From Slate.com - Juriprudential exchange re: Supreme Court case revisiting Brown v. Board of Education:
----
I woke up at 4 this morning to the realization that I cannot begin to understand how Chief Justice John Roberts and his colleagues could really think that the efforts of the people in Jefferson County, Ky., and Seattle to have white and black students educated together is anything remotely like the system of racial apartheid, subjugation, and servitude practiced in the American South. His concluding sentence, "The way to stop discrimination on the basis of race is to stop discriminating on the basis of race," equates two such fundamentally different practices that it leaves me stunned.
I want to try to convey a sense of how profoundly misguided and ahistorical that conflation is. Let me return to the most rhetorically powerful argument against the two school-district plans in this case: the fact that they would require some parents to say to a child, "You can't go to that school because of your race," just as black parents had to say to their children in the South before Brown.

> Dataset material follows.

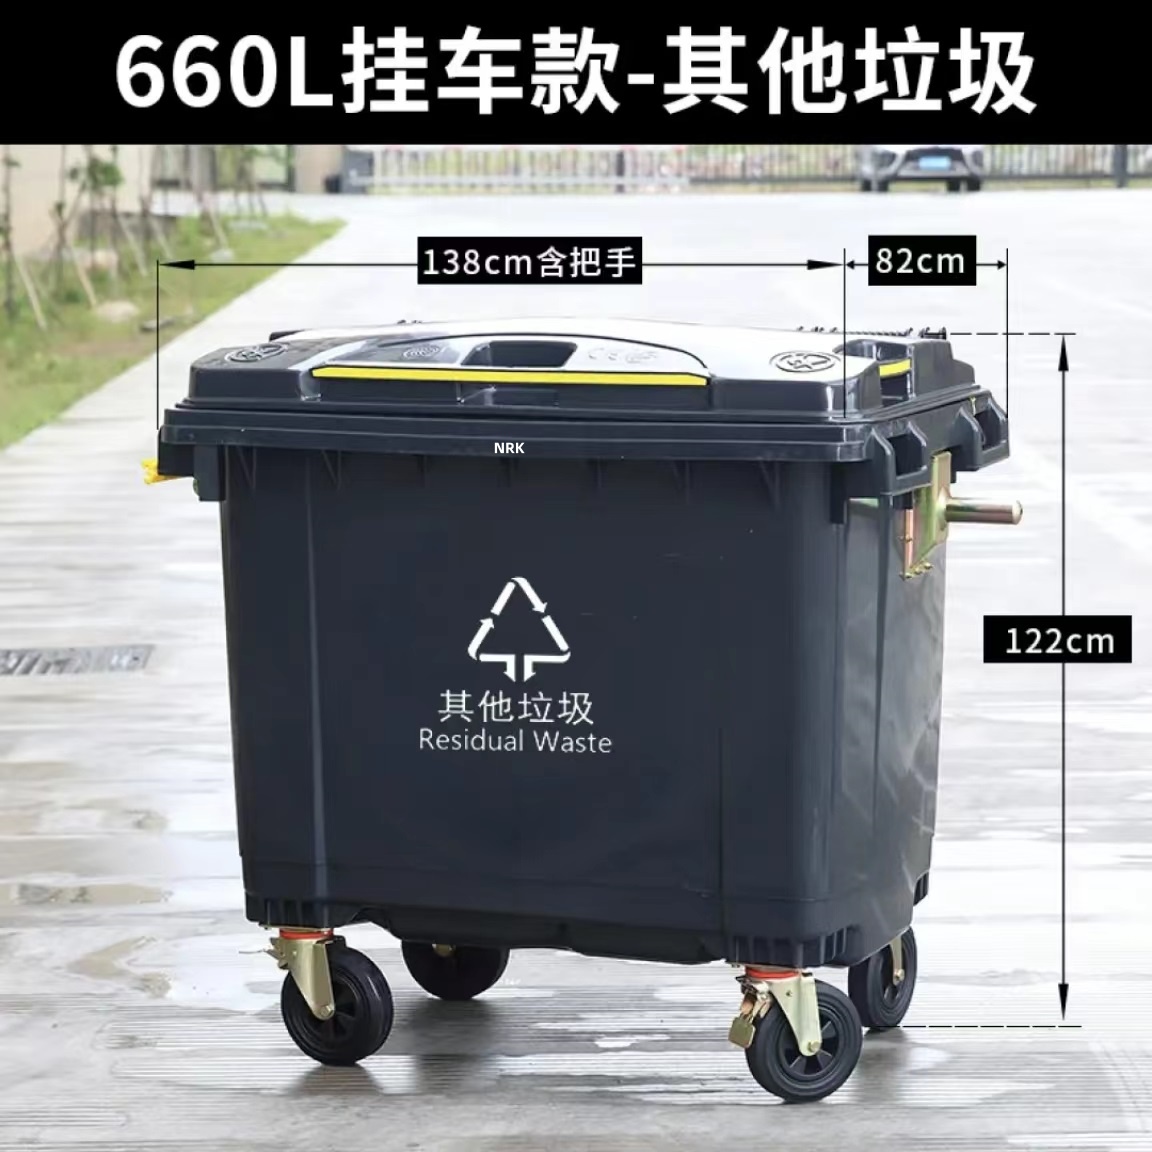 四川660L塑料垃圾桶廠家

Think first about being a black parent explaining race to a child in North Carolina in 1963. That year, Gov. Terry Sanford went on statewide television to urge an end to segregation in public accommodations and read a letter from a black soldier stationed at Fort Bragg describing what it was like to drive his children from eastern North Carolina to visit their grandparents in Texas. It was a harrowing experience, he wrote. Planning that trip was like a military operation; every supply that might be needed had to be packed and stuffed in the car for a trip of more than 1,000 miles. When they were hungry, they could not buy food. When they were tired, they knew they would be turned away from the motel. They traveled in fear that a child would become sick on the trip. Day after day they would drive by tourist sites and amusement parks that they could not enter; gas stations at which the children were barred from the restroom. How do you explain to a child why she can't go to the swimming pool, play in the park, or go to the movie? At home or on the road, this was an experience a child of color had repeatedly every day. Every day. And the reason: The child was an inferior being whose very presence in a place would be repulsive to the community.
Is that what happens under the Louisville or Seattle plans? What some parents will sometimes have to say to their children under these plans is something like this: "You will be going to PS 111 instead of PS 109 this year, and here's why: Our community is trying to make sure that we get over the racial separation that has been such a troubled part of our history. So we want to make sure we have a pretty good number of white and black children in all of our schools. It's important, even though it sometimes means you don't get your first choice of a school assignment this year." As I read the record, that is unlikely ever to happen more than once to any child white or black. What is the big deal?
Why is it so critical that we "get beyond race" in every possible way? Get beyond despising or disliking people because of their race, yes. Get beyond oppressing people because of their race, yes. But avoiding any consideration of race as though it were toxic? I don't understand that.
The court's decision is everything conservatives should abhor. It is a form of social engineering dictated from Washington. It ignores the principle of local control of schools. It sets aside the judgment of elected officials, even though nothing in the text of the Constitution requires that result, and the original understanding at the time of drafting of the 14th Amendment is solidly against it. It equates the well-intentioned and inclusive programs supported by both white and black people in Louisville and Seattle with the whole grotesquerie of racially oppressive practices which came down, as Charles Black once said, in apostolic succession from slavery and the Black Codes.
The plurality opinion is elegantly reasoned and reads as if it could have been written by a law review president. But it fails the very first lesson taught to preschoolers who watch Sesame Street: "Which of These Things Is Not Like the Others?"
It's been a pleasure talking with you both.